= Watermaker =

Device used to obtain potable water by reverse osmosis of seawater

A watermaker is a device used to obtain potable water by reverse osmosis of seawater. In boating and yachting circles, desalinators are often referred to as "watermakers".

The devices can be expensive to acquire and maintain, but are quite valuable because they reduce the need for large water tanks for a long passage.

The term watermaker may also refer to an atmospheric water generator, a machine that extracts potable water from the humidity in air using a refrigeration or a desiccant.

==Varieties==
Many versions are used by long-distance ocean cruisers.

Depending on the design, watermakers can be powered by electricity from the battery bank, an engine, an AC generator or hand operated. There is a portable, towed, water-powered watermaker available which converts to hand operation in an emergency.

==Water requirement==

There is great variation in the amount of water consumed.

At home in the United States, each person uses about 55 USgal of water per day on average. Where supplies are limited, and in emergencies, much less may be used.

Typical cruising yachts use from 4 to 20 litres per person per day, the average probably being about 6 litres. The minimum water intake required to maintain body hydration is 1.5 litres per day. The amount of water that is required for a person to consume is dependent on different factors. Some of these factors include weight, height and gender. Men on average need a greater amount of water than women do.

Popular brands of yacht watermakers typically make from 2 to 150 litres per hour of operation (0.53 to 41 gallons) depending on the model.

There are strong opinions among small boat cruisers about the usefulness of these devices. The arguments may be summarised as:

===Pros===
- A watermaker uses only a small amount of fuel to generate a large amount of water, eliminating the need for large, heavy water tanks.
- The user is independent of shore-based water supplies, which is especially important in remote areas.
- They provide safe water when shore-based water is of uncertain quality.
- Some designs are portable and can be converted to manual operation in an emergency.
- The hand-held unit offered by one manufacturer and the towed water-powered watermaker offered by another manufacturer can be transferred to a liferaft in an emergency.

===Cons===
- They are expensive: Indicative costs are US$2,000 for the manual type, US$3,000 for the towed water-powered type, US$4,000 or more for an engine-driven type (designed to be fitted to the inboard motor of the vessel), and about the same for an AC generator-driven type.
- Some types (but not all) are time-consuming and expensive to maintain.
- They are power hungry, except the hand-held emergency watermaker and the towed water powered type. Accordingly, these devices must overcome the problem of large electric current demand. The drawbacks for the non-electric designs are that manual operation is tiring for the operator and the towed watermaker only works while the vessel is moving.

Some manufacturers of electrically powered watermakers have energy recovery systems in their design which reduce the power consumption; however, these are typically some 50% more expensive for any similar size due to their additional complexity. As a guideline, assuming a 12V DC system, the energy recovery incorporated in those watermakers has the effect of reducing the electric current used from perhaps typically 20A to about 8A. Like any piece of equipment, it is bound to fail at some time and cause expense/anxiety.

==Technology==
All watermakers designed for small boats and yachts rely on essentially the same technology, exploiting the principle of "reverse osmosis": a high pressure pump forcing seawater through a membrane that allows water but not salt to pass.

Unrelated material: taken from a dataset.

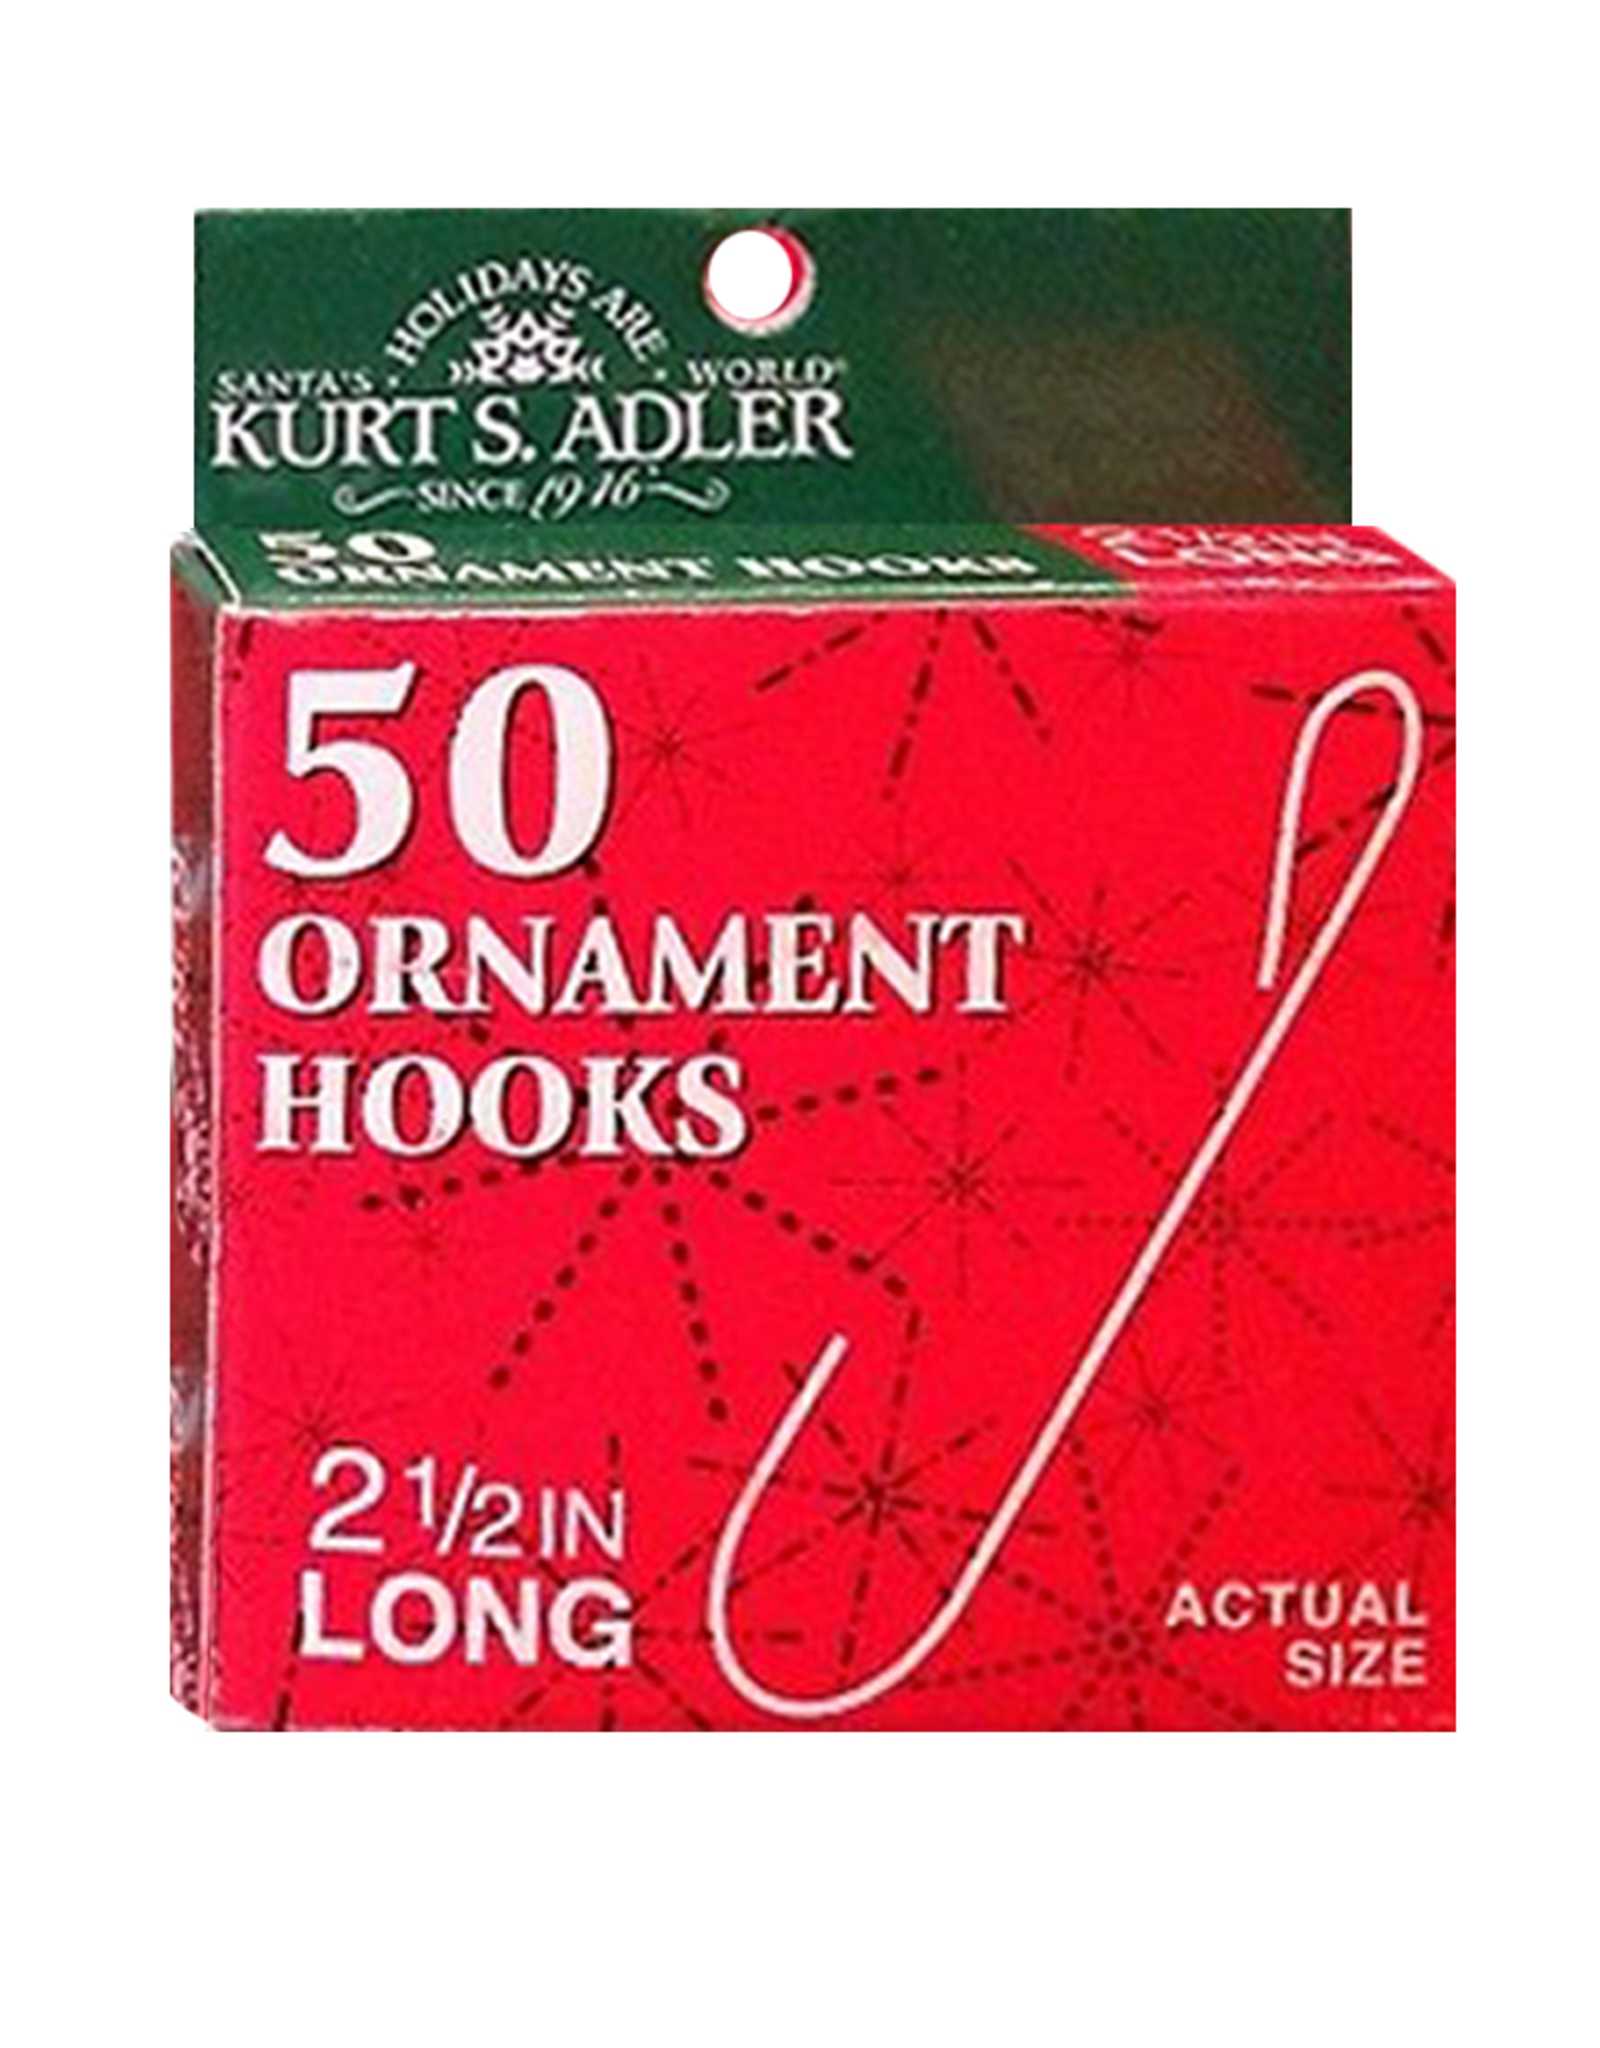 Kurt Adler Ornament Hooks 2.5 inch Pack of 50 Silver Wire Hooks Set

The common comparison is that of a filter; however, as the holes in the membrane are smaller than molecules of sodium chloride (salt) and indeed smaller than bacteria, and pressures in the nature of 45-50 bar are required, the process is much more complex than the common water filter or the oil filter found in automobile engines.

==Atmospheric water generator==

An atmospheric water generator is a machine that extracts potable water from the humidity in air using a refrigeration or a desiccant. Condensing moisture by refrigeration requires a minimum ambient temperature of about 10–15 C, while desiccant adsorbers have no such restriction. Either method is suitable for a desert climate, where water production is dependent on ambient humidity. The Negev desert in Israel, for example, has a significant average relative humidity of 64%.

Contrary to some online sources, a 1922 article in Popular Science cites an average relative humidity of 30% for the Sahara Desert, about half the humidity in an air-conditioned home. Moreover, the effect of the dew point causes early mornings to have higher humidity, so that atmospheric water generation is possible even in the harshest climates.